Until such a system exists, third-party validation serves to evaluate the legitimacy of an offset project. Buyers are best served by purchasing high-quality carbon credits verified by reputable carbon credit registries such as the Gold Standard, Verra, the American Carbon Registry, or the Climate Action Reserve. Additionally, carbon offset firms can demonstrate their legitimacy by aligning themselves with trusted climate solution coalitions.
At Vida Carbon, we’ve done both. All Vida projects are verified and serialized by respected carbon registries. Earlier this year, Vida Carbon was accepted as a member of the IETA, the world leader in market-based climate solutions.
At the project level, a high-quality carbon offset-generating project must deliver on three primary criteria:
- Additionality – signifies that the project is not mandated by law and requires the economic proceeds from the sale of carbon offsets to justify operating. In other words, the project activity would not take place if offsets were not created and sold.

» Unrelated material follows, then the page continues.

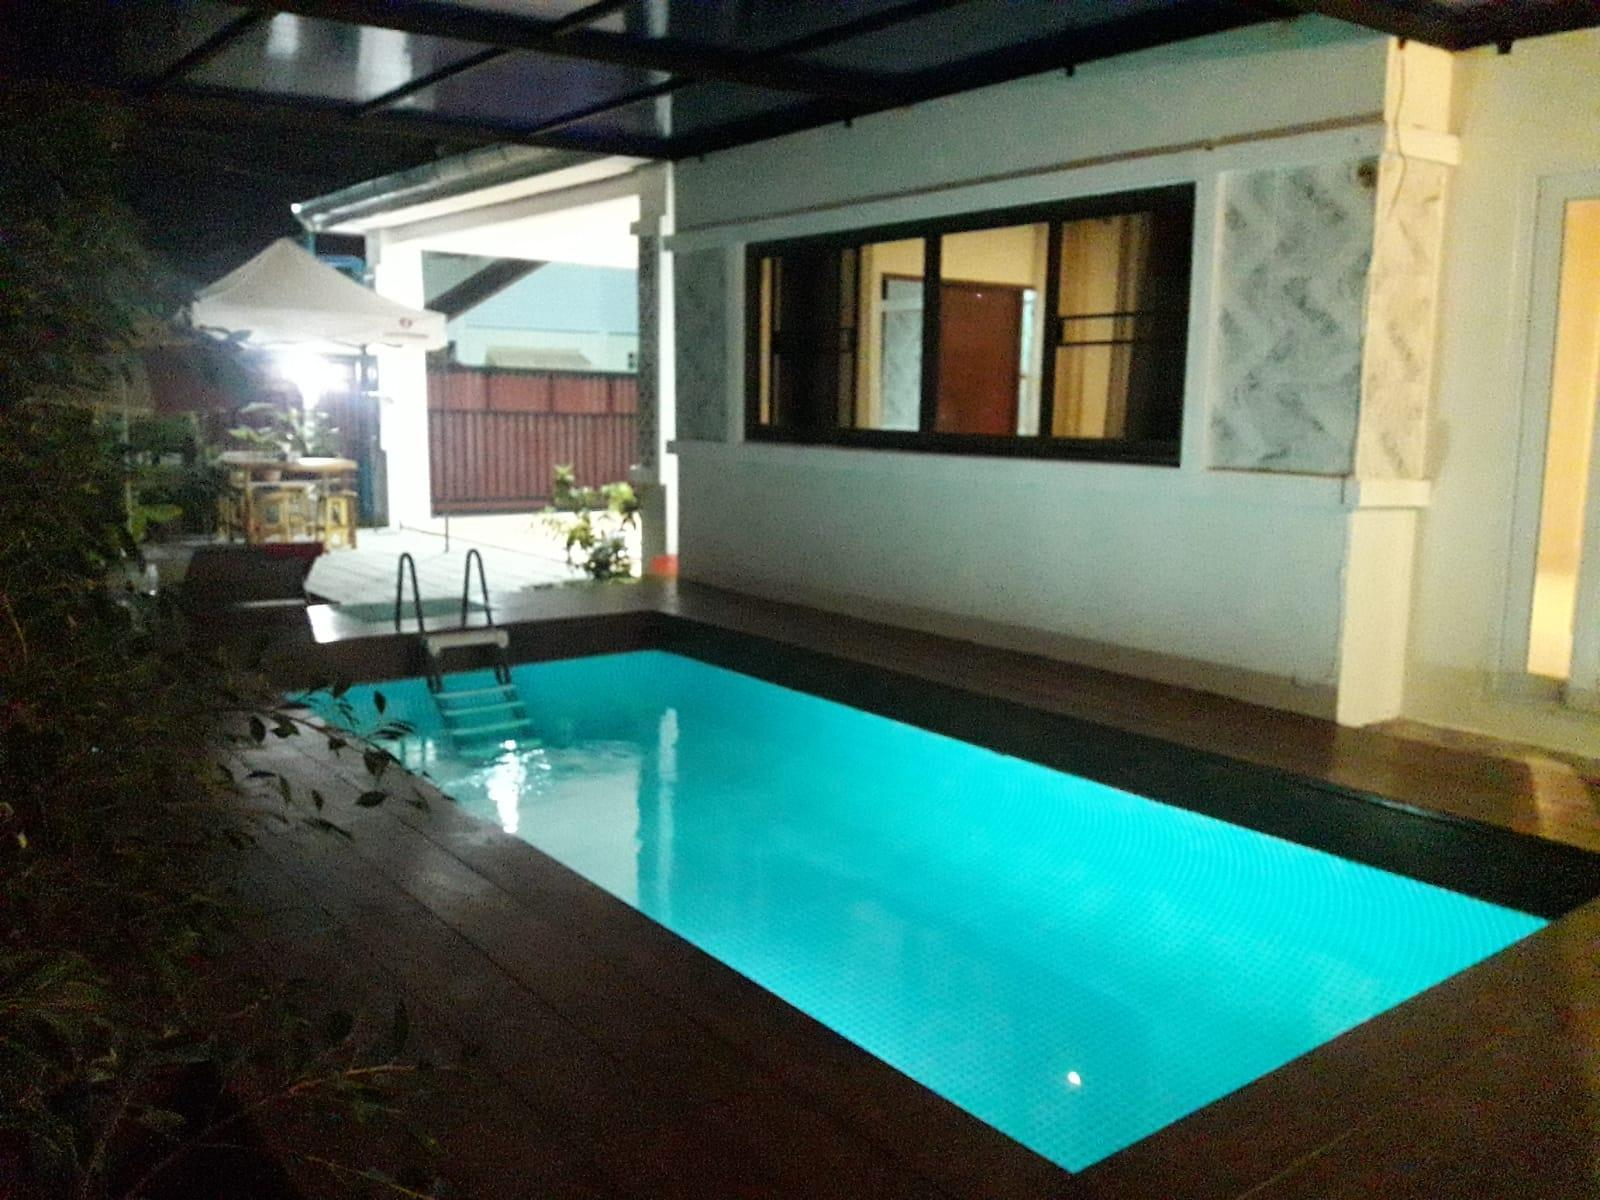 Baan Samkong Pool House

- Permanence – refers to the project’s ability to keep the emissions it’s removing or reducing out of the atmosphere for a significant length of time. If the project’s impact only exists on a short time scale, its climate contributions are understandably limited.
- Leakage – implies that a project’s activities are having an unintended increase in carbon emissions or shifting emissions to another location. For example, if a project protects an area from clear-cut logging, and the logging company simply moves down the road and cuts down another nearby forest – that’s leakage. This needs to be avoided. High-quality projects have very low leakage.
The highest-quality carbon offset projects also consider the project’s human and environmental impact and create co-benefits that strengthen communities and preserve ecosystems. At Vida, prospective projects undergo a rigorous evaluation process; only projects that achieve extensive co-benefits are considered for our investment portfolio.
Due to recent growth, the carbon offset market has been referred to as the New Canadian Gold Rush, but this market is just getting started and has yet to reach the scale required to meet global demand. Over 10,000 businesses, educational institutions, and organizations have committed to the UN’s Race to Zero, and hundreds more have set carbon-neutral climate objectives. To meet these goals, total carbon offset volumes must grow to $550 billion in value, representing a massive opportunity for Canada.
Although firms like Vida Carbon are actively working to develop the carbon credit industry, public support and understanding are essential to achieving the scale required. Carbon offsets are the key to achieving Canada, and the world’s, CO2 reduction goals, but before they can be utilized to their full potential, leaders in this sector must help educate Canadians on the crucial role of carbon markets in the fight against climate change.
Jamie Keech is the Co-Founder & Executive Chairman at Vida Carbon.